L’altro elemento cruciale di questa stagione fu la ricerca di una funzione nazionale per un
partito che non aveva il consenso e i mezzi dei suoi omologhi europei. La socialdemocrazia non rinunciò alla sua tradizionale visione laica delle istituzioni che ispirò la dura contrapposizione al voto cattocomunista sull’art. 7 della Costituzione. Fu però attraverso il
riformismo degasperiano che il Psli poté definire un ruolo nel sistema politico italiano.
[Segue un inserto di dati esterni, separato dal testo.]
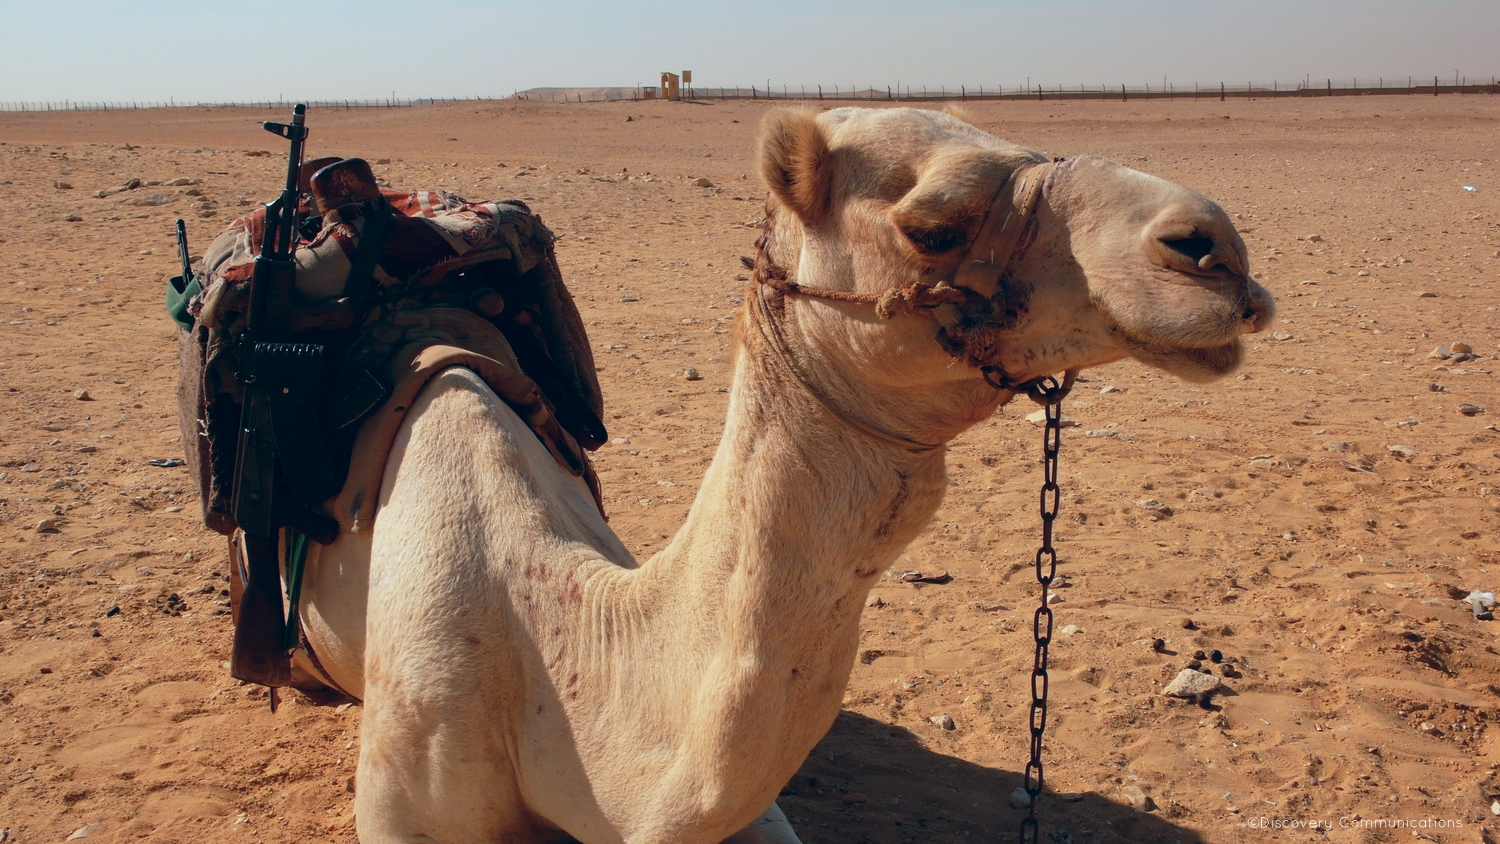  Armed to the hump. Don't mess with this camel!

La
pianificazione dell’intervento pubblico fu segnata da Roberto Tremelloni, l’intellettuale e
politico socialdemocratico più attivo ed influente nel primo ventennio repubblicano, tra
i principali teorici protagonisti dell’attuazione del piano Marshall in Italia. Uno sguardo
particolare è rivolto da Donno alla presenza dei socialdemocratici nel governo, un altro
impegno caratterizzato da rotture e divisioni. Nonostante questo il Psli non rinunciò alla
scelta occidentale e, pur con difficoltà e divisioni, continuò la collaborazione governativa sostenendone i punti cruciali: la liberalizzazione degli scambi e la riforma agraria, la
riorganizzazione dell’intervento pubblico e la costruzione dei primi pilastri del welfare
italiano, prendendo poi decisa posizione a favore della politica europeista e, come per la
guerra di Corea, sempre decisamente a fianco delle democrazie occidentali.